Jake also said a social environment where so many of his friends vaped also made it difficult for him to quit.
“You’re hanging out with your friends at night, and all of them are using it, and you’re trying to not to,” he said.
Jake eventually took a semester off from college for an unrelated surgery, and he moved home and away from his vaping classmates. He eventually transferred to a different college and lived at home, where no one vaped and where he wasn’t allowed to smoke in the house, he said.

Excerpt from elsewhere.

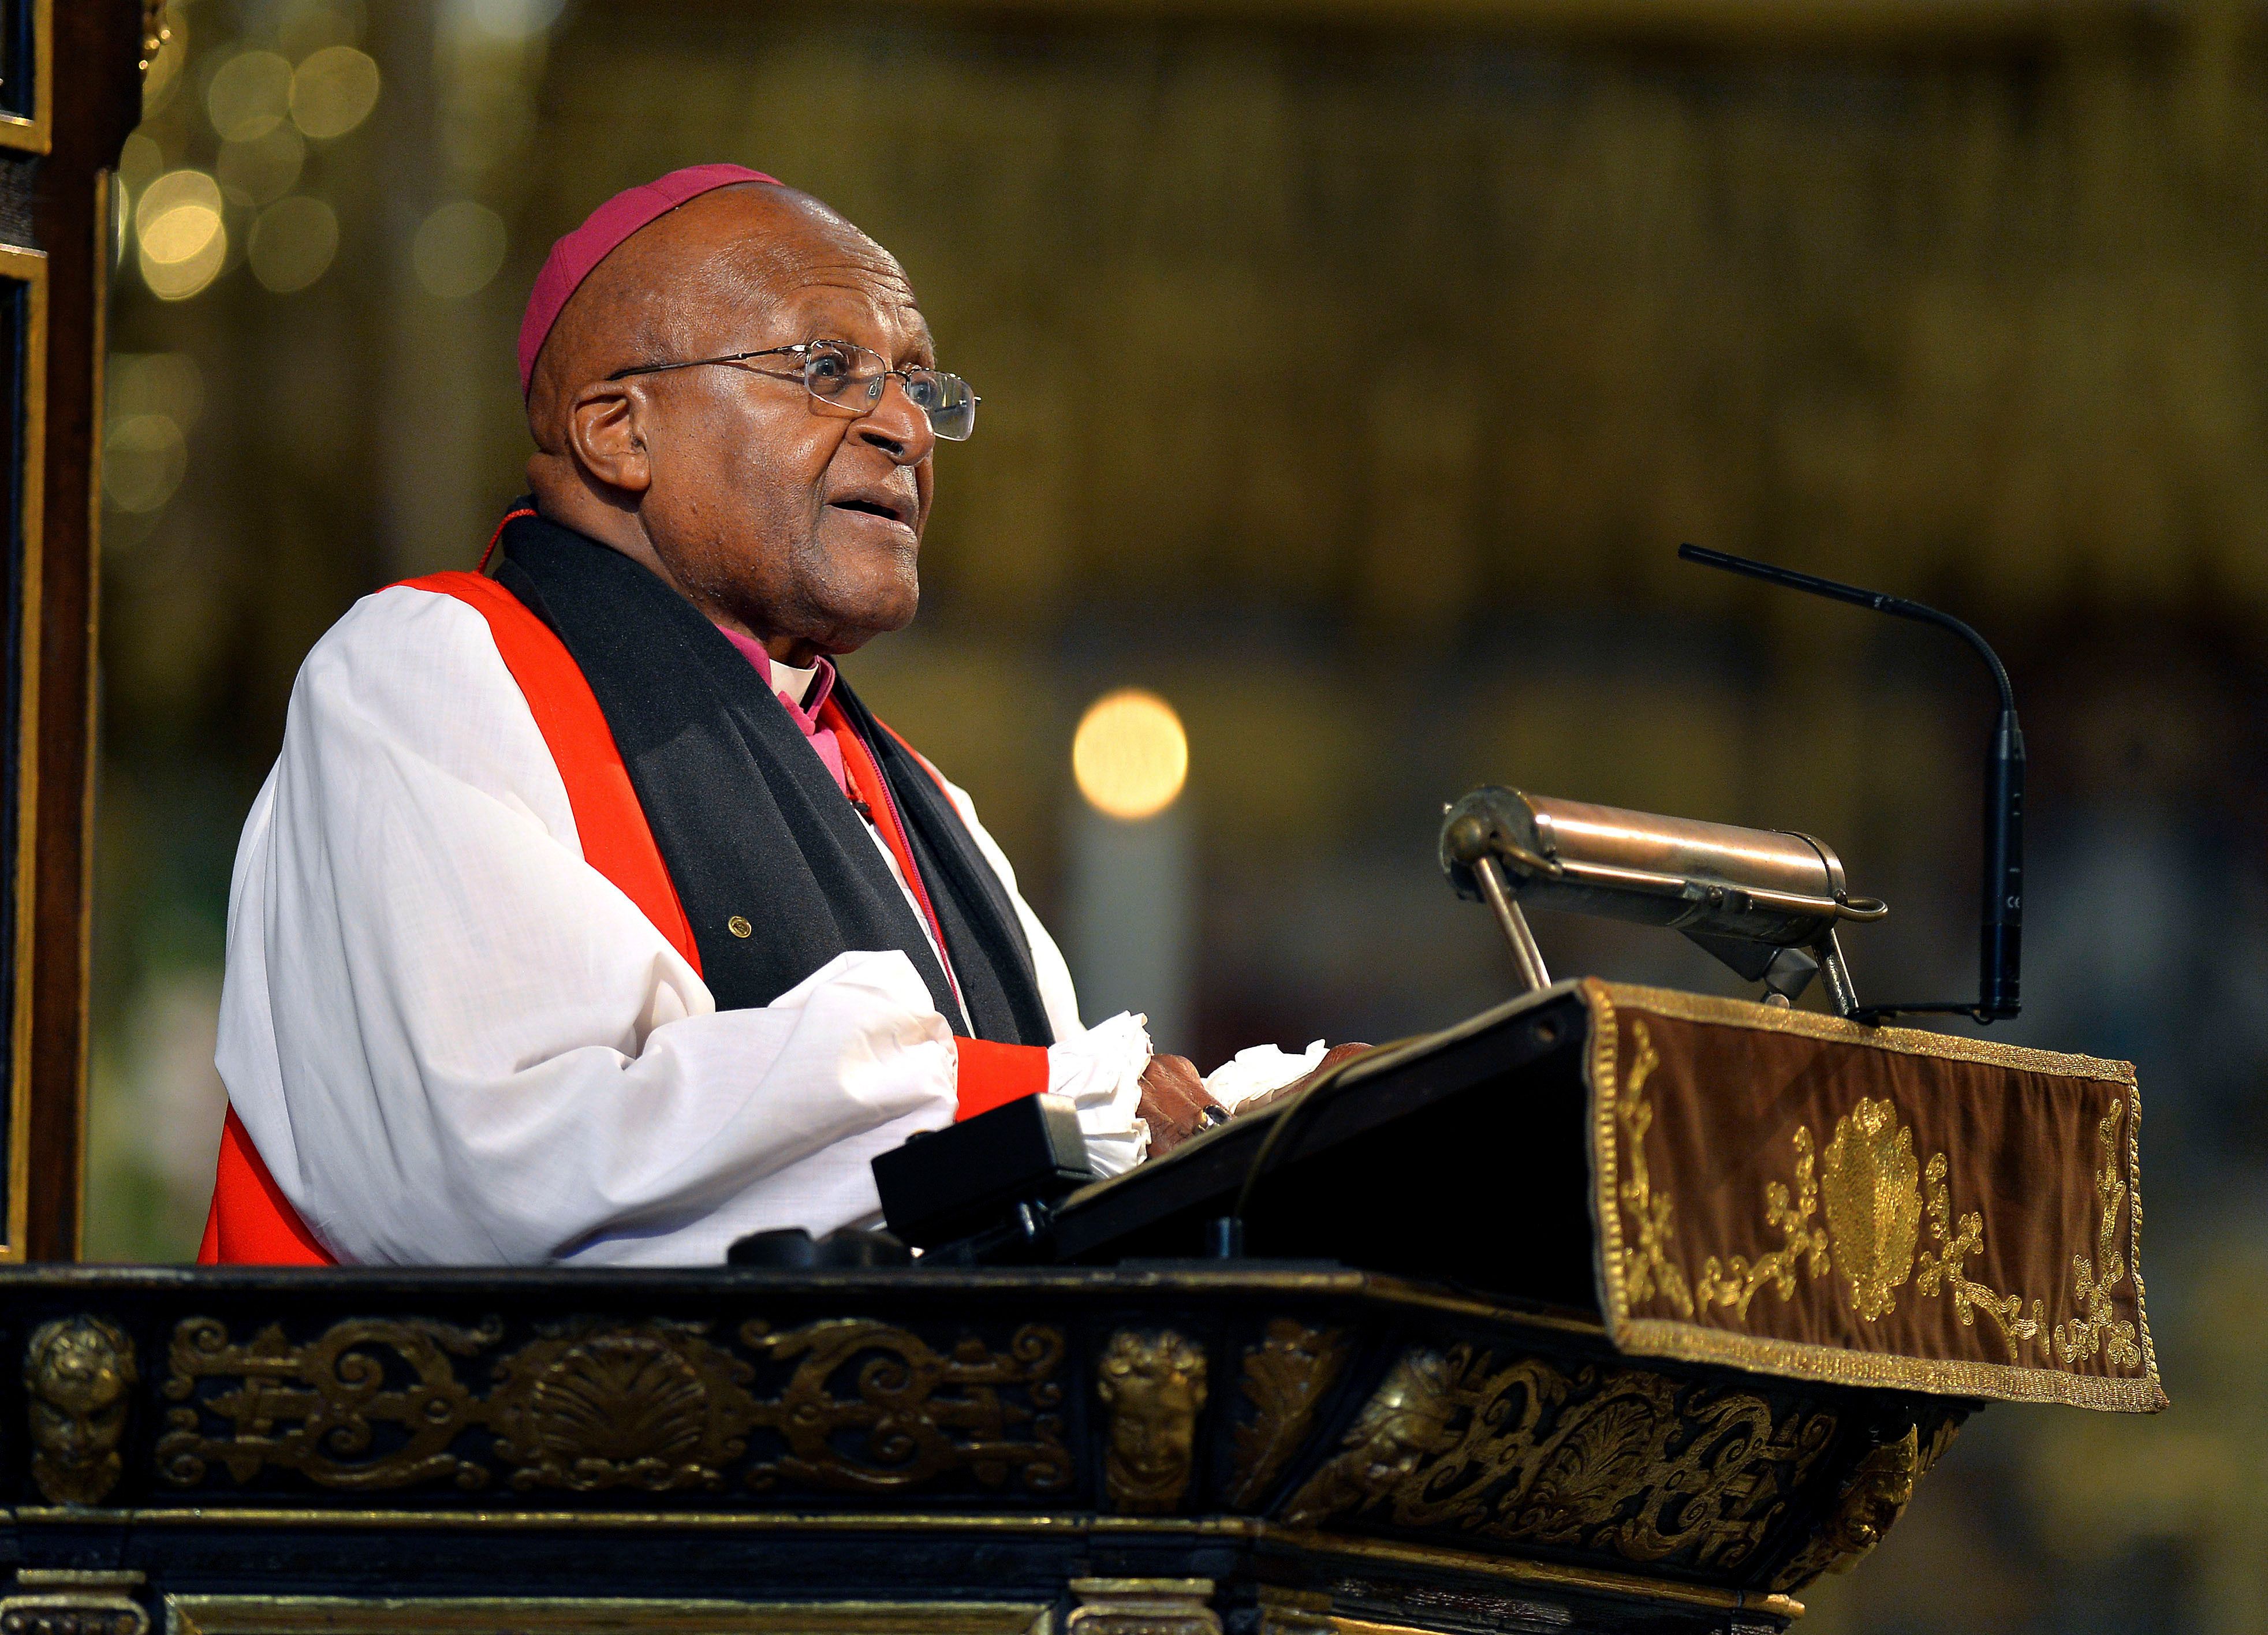 Desmond Tutu makes an address at Westminster Abbey in London during the memorial service for the former South African President Nelson Mandela, Monday March 3, 2014. (John Stillwell, Pool Photo via AP, File)

“He came home and we took him to a doctor, and they didn’t know quite how to handle kids and addiction to e-cigarettes,” Mary Lou Warn said.
Not fully understanding the long-term health implications of e-cigarette use has stopped many health care providers from offering clear messaging on the risk of vaping to current and potential users.
“It’s taken pediatricians time to ask the right questions and recognize nicotine addiction” from vaping, said Boykan, who's also chair of the American Academy of Pediatrics section on nicotine and tobacco prevention and treatment. “It’s just hit us so fast.”
But once pediatricians do identify a nicotine dependency, it can be difficult to treat, Boykan said. Many pediatricians now recognize that e-cigarette addiction may occur in children as early as middle school.
“We don’t have a lot of evidence-based treatments for kids to recommend,” she said.
Will Vaping Be a ‘Phase'?
Aware of his vaping dependency and the possible risks to his long-term health, Jake, now 23, said he’s lessened his use, compared to his college days, but still struggles to kick the habit for good.
“I’d like to not be able to use all the time, not to feel the urge,” he said. “But I think over time, it’ll just kind of phase out.”
But his mother said quitting may not be that simple.
“This will be a lifelong journey,” she said. “When I think of who he is, addiction is something he will always have. It’s a part of him now.”